Methods A cohort of 11 physicians at a student health clinic on a college campus was surveyed before and after attending a targeted educational lecture on rhomboid strain. This was accompanied by the addition of a patient educational handout in the electronic medical record. The lecture covered the etiology, diagnosis, treatment options, and natural history of rhomboid strain. The pre-lecture survey assessed baseline knowledge and confidence levels, while the post-lecture survey evaluated changes in these levels. Both surveys utilized a 5-item Likert scale. For statistical analysis, scores of 4 and 5 were assigned a value of 1, while scores less than 4 were assigned a value of 0. Fisher’s Exact Test was performed in R Studio (C) Version 2024.04.1.

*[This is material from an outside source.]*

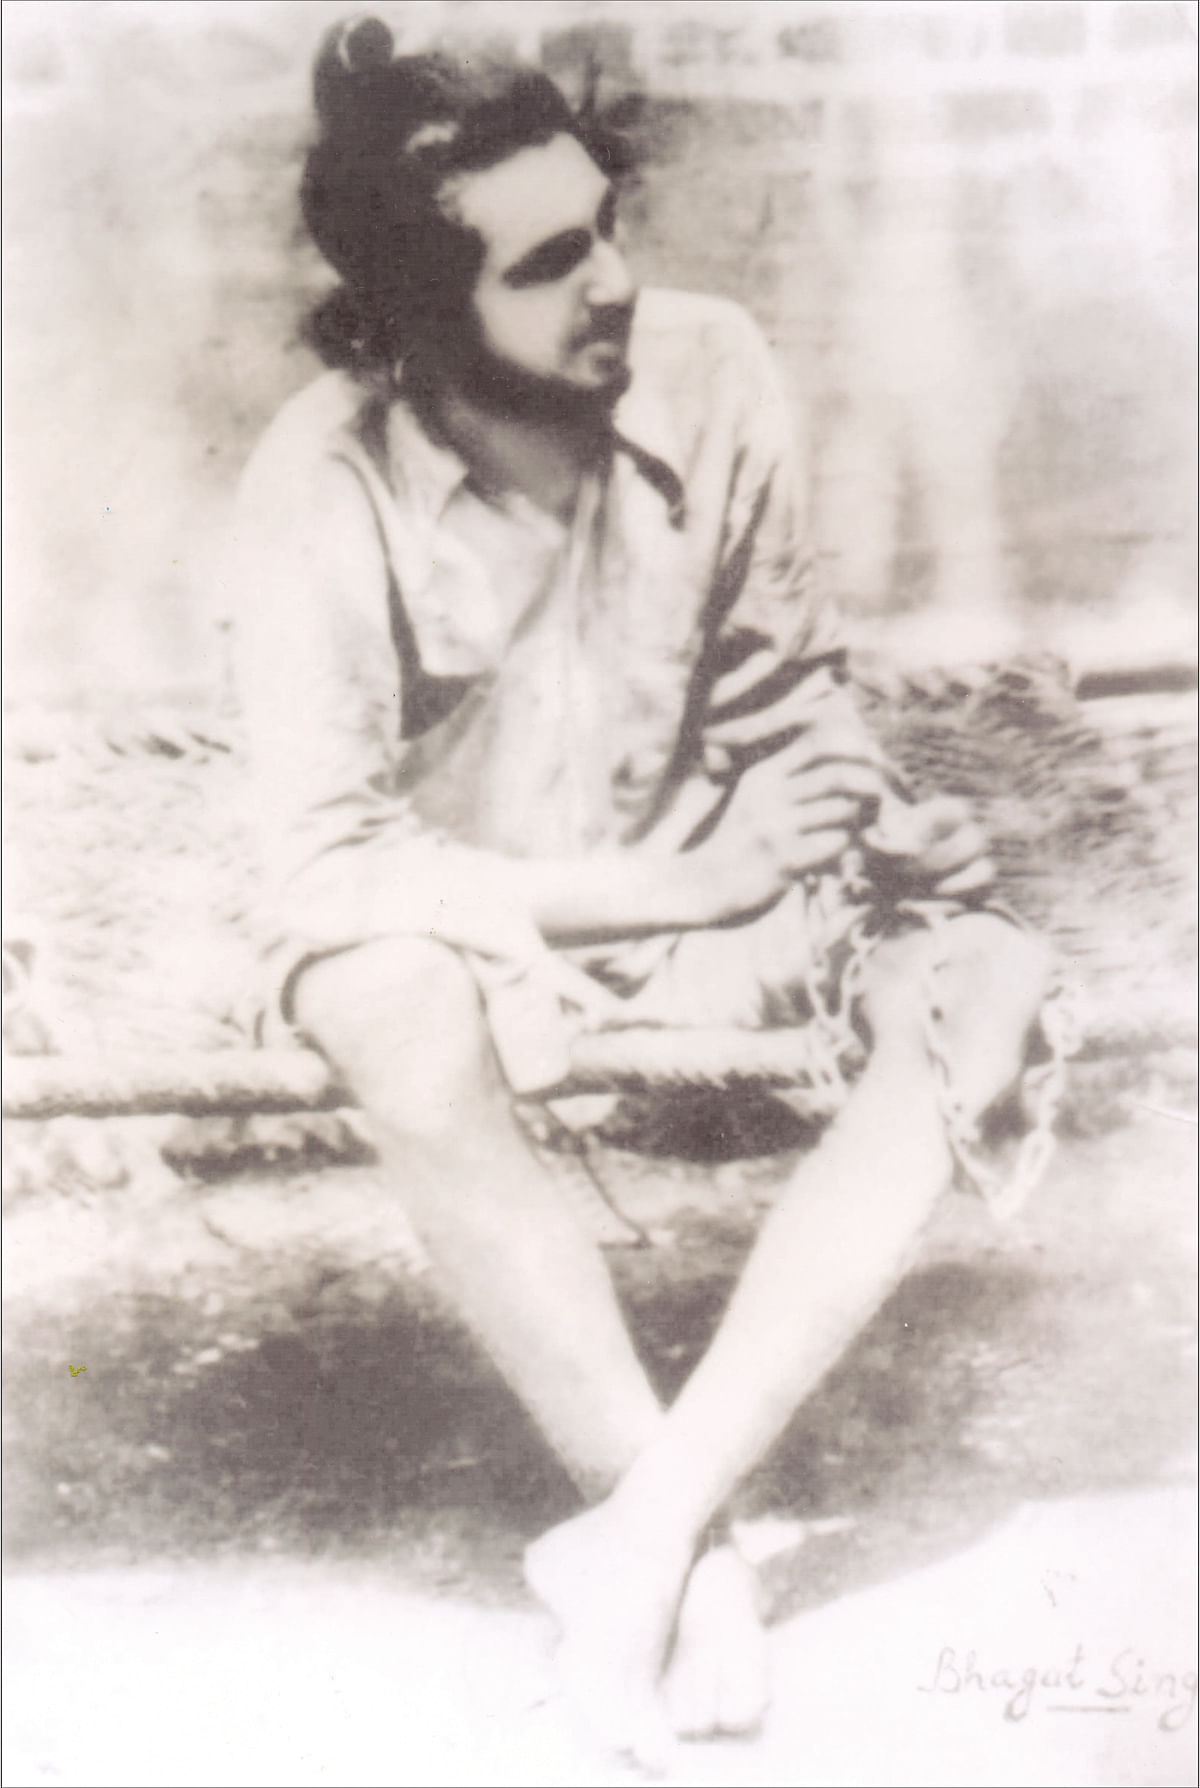 “When you deny a person their basic rights, how can you demand political rights,” Bhagat Singh asks in a 1928 essay.

Results Preliminary results indicated that baseline knowledge about rhomboid strain was variable, with a significant proportion of physicians reporting low confidence in their ability to provide patients information and teach home exercises for therapeutic benefit. Following the educational lecture, there was a marked improvement in confidence scores for diagnosis (55% vs 100%, p = 0.04), accessing patient educational materials (36% vs 100%, p = 0.01), and teaching home exercises (45% vs 100%, p = 0.01).
Conclusion This study shows the value of education in enhancing physicians' knowledge and confidence in diagnosing and managing rhomboid strain in adolescent patients. These findings suggest that targeted educational interventions can effectively address gaps in physician training and improve patient care outcomes for new and evolving chief complaints. Further research is warranted to assess the long-term impact of such educational programs on clinical practice and patient health.